Adjusting for age of individuals, community population size, and sanitation level, the prevalence of infection was significantly higher in villages closer to or along a road compared with those communities far from the road for pathogenic E. coli [odds ratio (OR) = 3.9, 95% CI 1.1, 13.6], rotavirus (OR = 4.1, 95% CI 2.0, 8.4), Giardia (OR = 1.6, 95% CI 1.0, 2.4); the same was true for all-cause diarrhea (OR = 1.8, 95% CI 1.2, 2.6) (Table 5).

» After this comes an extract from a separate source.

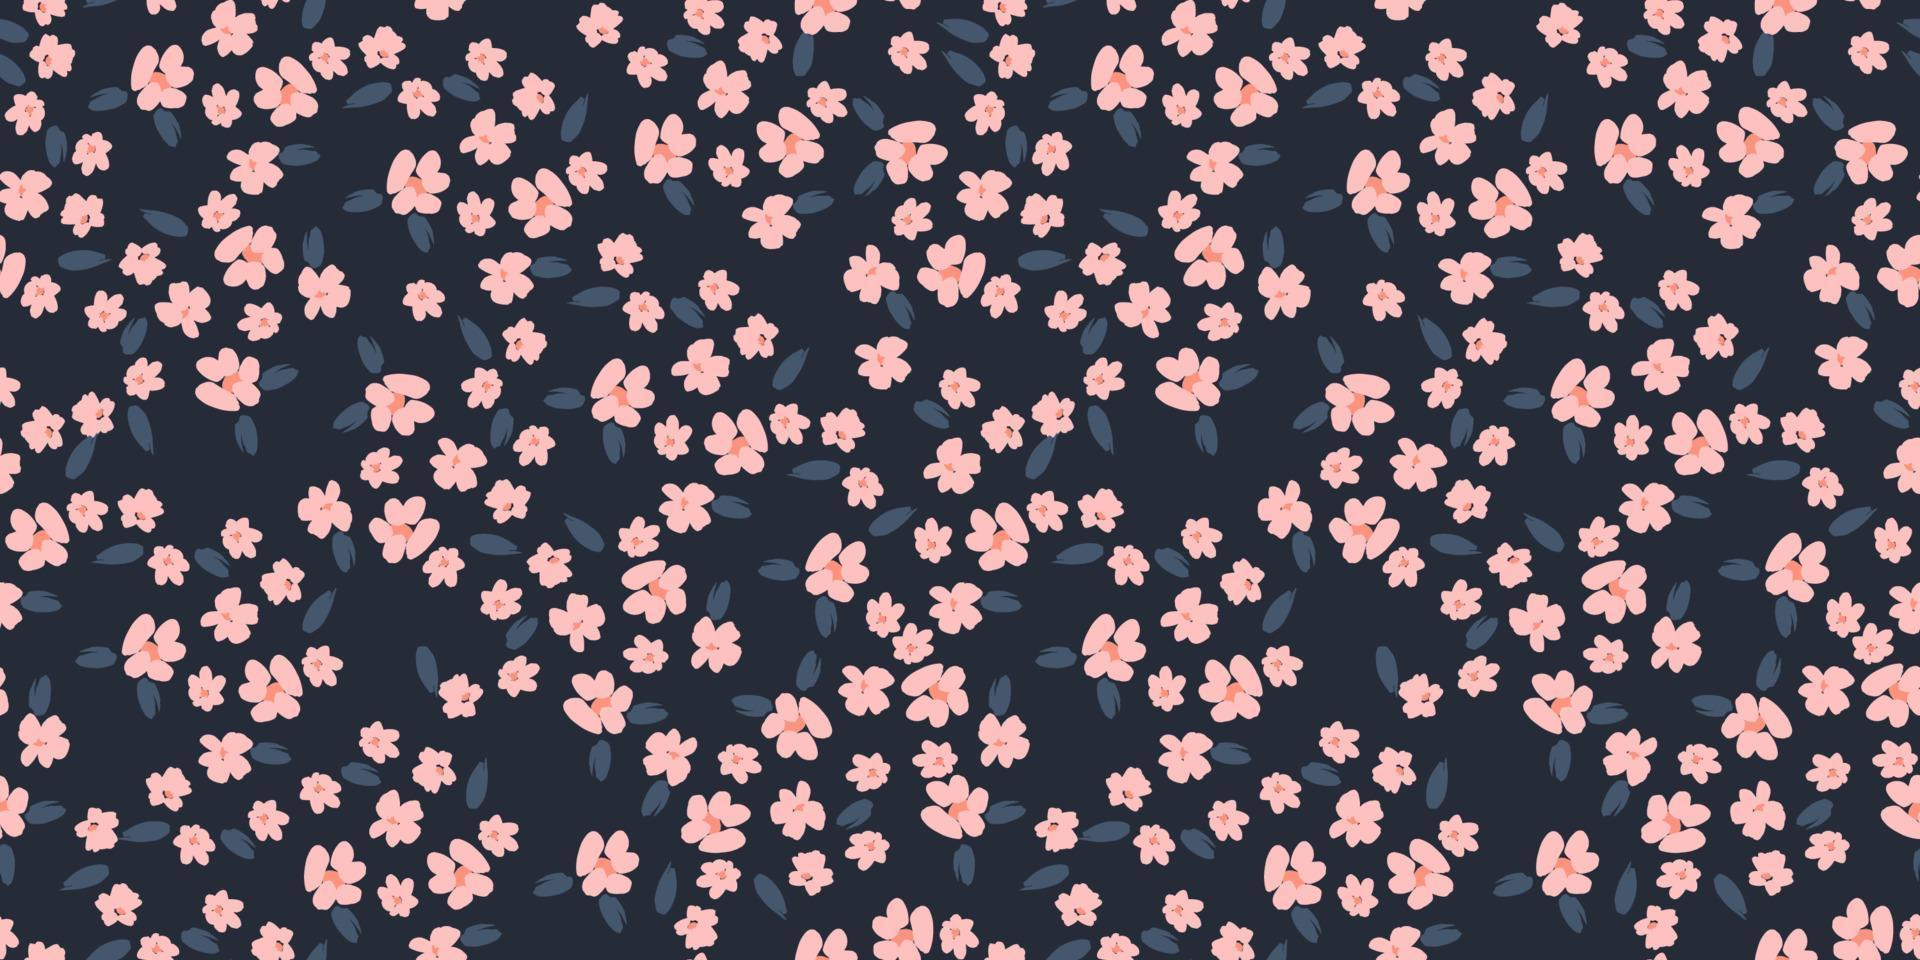 motif floral sans soudure. conception de vecteur pour le papier, la couverture, le tissu, la décoration intérieure et toute autre utilisation

Precipitation was not included in the final model because its P value was >0.2. These overall infection trends were largely driven by the controls, as evident from the crude prevalence estimates in Table 3 that are stratified by case status. Although the crude diarrhea prevalence values show no trend as a function of remoteness, the adjusted risk estimates comparing both remote and medium as well as remote and close were significant, after adjusting for the population size and sanitation level of each community (Table 5).

Table 5.

Infection as a function of remoteness

OR (95% CI)
E. coli Rotavirus Giardia Diarrhea
Remote 1.00 1.00 1.00 1.00
Medium 3.0 (0.8, 11.9) 1.3 (0.5, 3.2) 1.2 (0.7, 2.0) 1.8 (1.1, 3.0)
Close 3.9 (1.1, 13.6) 4.1 (2.0, 8.4) 1.6 (1.0, 2.4) 1.8 (1.2, 2.6)
Continuous 8.4 (1.6, 43.5) 4.0 (1.3, 12.1) 1.9 (1.3, 2.7) 2.7 (1.5, 4.8)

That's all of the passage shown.